We are not prog-deniers, and from the Gathering Speed album onwards we've released music which is recognisably within the prog genre. We have plenty of non-prog influences which helps to ensure that we have an original sound and gives our music crossover appeal but I don't have any problems in us being considered as a prog band and I think being labelled as such has helped us to reach out to an audience that likes our style of music.

3. Do you find cover art important? Please elaborate

We are seeking to create a strong link between the visuals that we use on our albums and our music. We work closely with an artist called Jim Trainer who is involved with the recordings at an early stage so that the artwork closely relates to the music and words. I think this approach has improved our CD sales as we are offering good music which is beautifully illustrated. Downloads just aren't the same.

4. Which comes first in your process of composing/creating music, the lyrics or the music?

That really depends on the individual song. I was on a train journey the other day and a whole set of lyrics came to me in a few moments - I just scribbled them down. Other times, the music leads the way. Quite often, the first thing I think of is a song title and that encourages me to write the music and words.

And secondly please tell about the writing process from scratch to demo and the final state the recording/studio sessions!?image001

We have our own studio and work in a very organic way. We'll start with a very basic demo and then build up the arrangements. When the song reaches an advanced enough stage we go into Rob Aubrey's studio to record the drum parts. Then we bring them back to our studio to finish them off. Quite often, parts of the original demo end up on the final recording. If they sound good, then they can make it all the way through the recording process onto the album.

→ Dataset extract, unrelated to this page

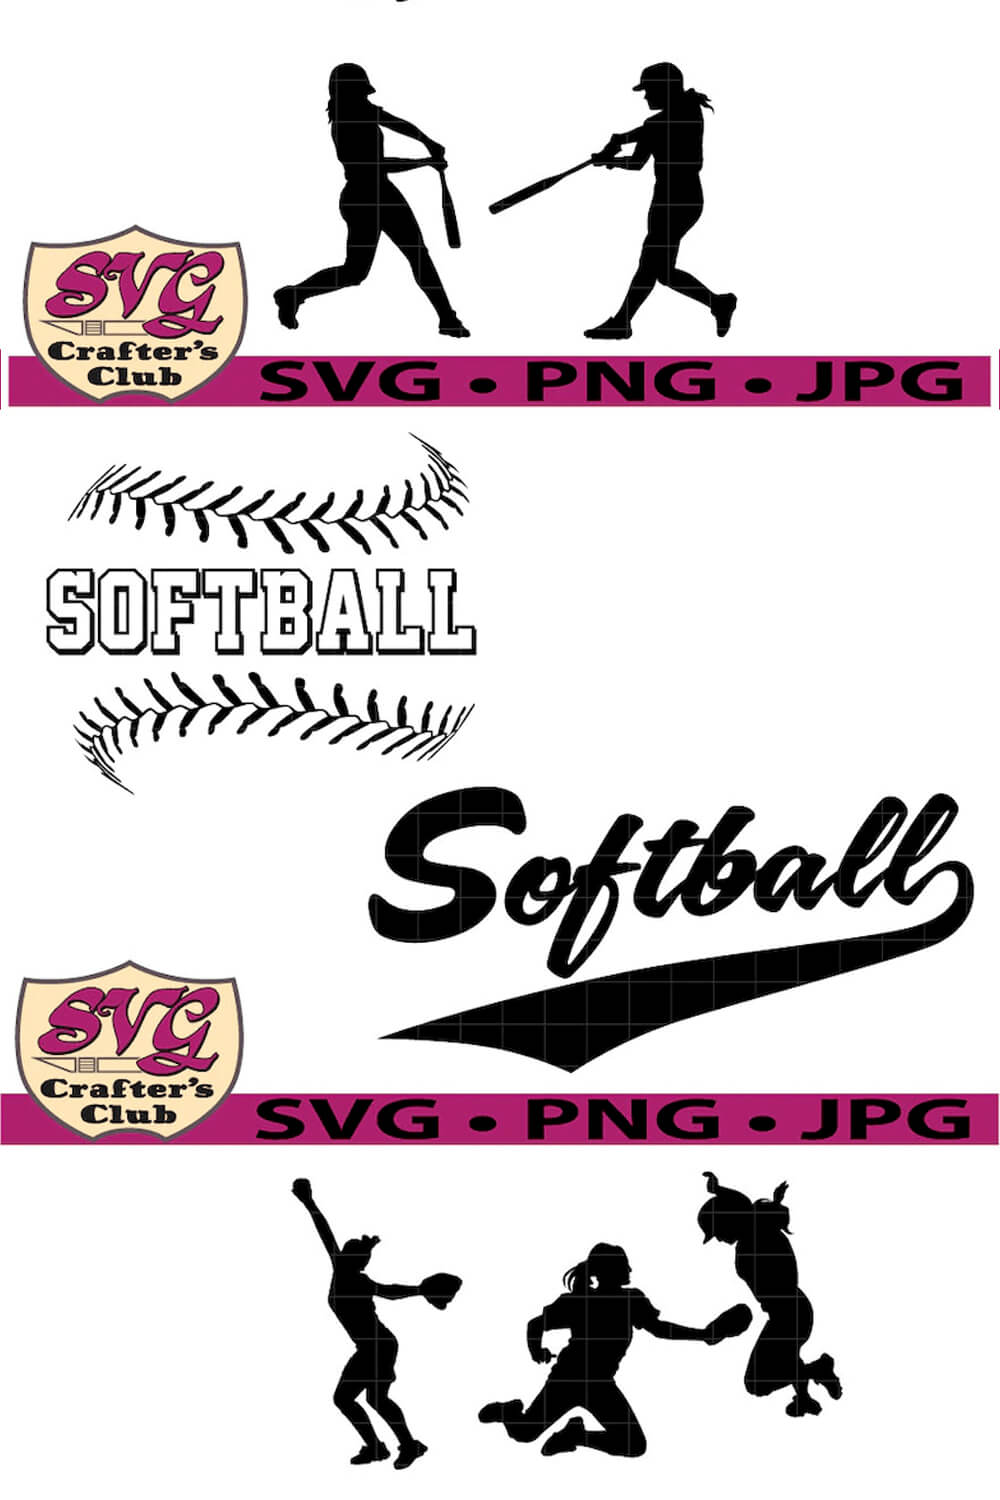 Design for cricuts and silhouettes and big title "Softball".

5. Which bands/artists/genre would you name as your inspirational source? Please elaborate and individual perspectives would be great.

We have a wide range of influences. Genesis, King Crimson and PFM are probably the most important ones and, more recently, a Danish band, Mew, and an Icelandic band called Sigur Ros have become very influential on the band's music. Alongside those more progressive influences, we also draw inspiration from Elbow, XTC, Prefab Sprout and English folk music. All of these influences, and others, go into our writing melting-pot and makes our music sound distinctive. Discovering the music of Sigur Ros and Mew was very important to me. They come at prog from a different direction altogether and have helped us to develop a new style of writing.